Landsman's commanding officer Bina Gelbfish, who is also his ex-wife, warns him off the case as the vic's father is a very prominent member of the Verbover community. Even his first cousin and partner Berko (intriguingly half Jewish/half Tlingit Indian) is nervous. Yet Landsman persists in the investigation.

Here the somewhat mysterious death of Landsman's sister Naomi Landsman, a bush pilot, collides with the disappearance of the once professed to be Messiah Mendel Shpilman. Before her death, Naomi had flown Shpilman to Peril Strait - a set of mysterious buildings set up by Jews outside the Sitka District.

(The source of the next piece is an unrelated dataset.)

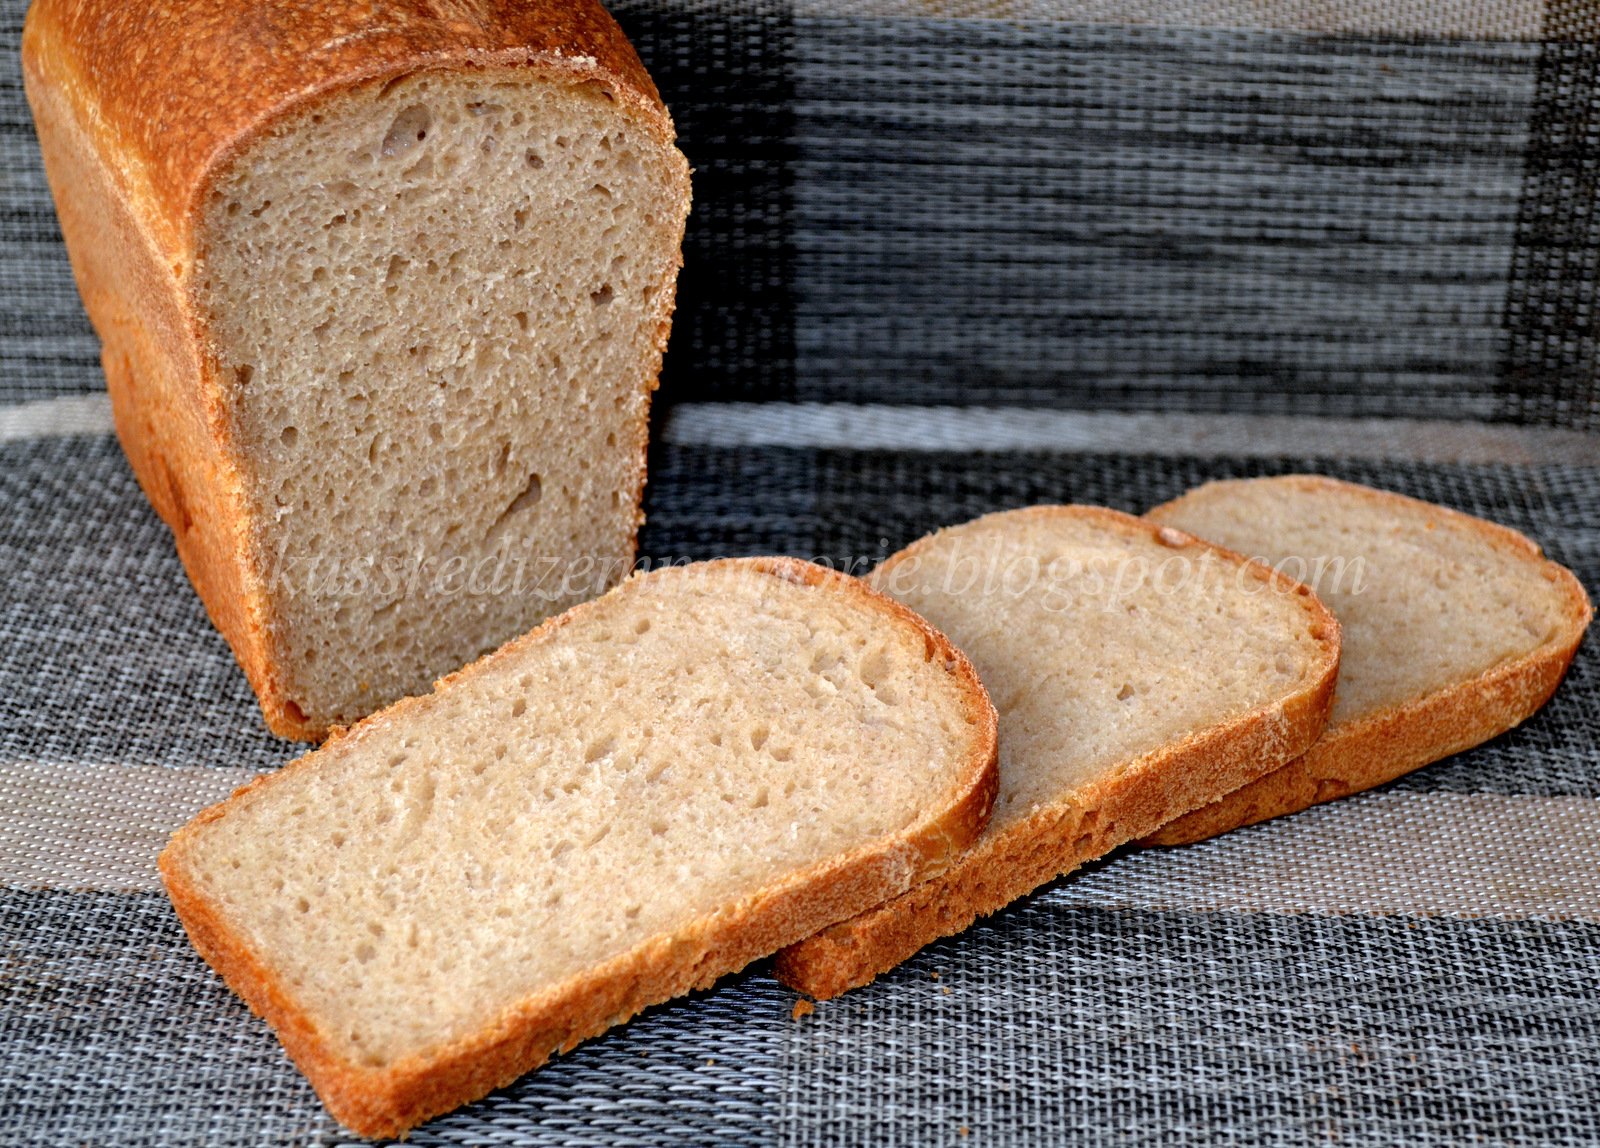 Пшеничный хлеб в форме. Пшеничный хлеб пшеничный хлеб. Формовой пшеничный хлеб на закваске. Ржано-пшеничный хлеб ржано-пшеничный хлеб. Белый формовой хлеб на закваске.

At first glance, it appears to be, alternately, a drug rehab center, a farm or a military training camp where Mendel might have been seeking treatment for this addiction.

Obviously on to some shady business involving Mendel's death, Landsman ends up at Peril Strait to puruse this. He is threatened, beaten, stripped, locked up and somehow escapes half naked and shackled to a wire frame of a mattress to join his cousin Berko who has followed him there.

Together they uncover an international plot which involves both the return of the Messiah to Jerusalem and the death of his sister.

I actually spelled out more of the plot here until I realized I was revealing too much of the story ... I was puzzled and disappointed by the ending. It seemed too flat. The resolution of Mendel Shpilman's homicide is neither as eventful nor as satisfying as I imagined from this artful book.

But I think we are dealing with a major talent with a vast and encyclopedic knowledge. And being a typical writer I am both gratified by the quality of his work and supremely jealous.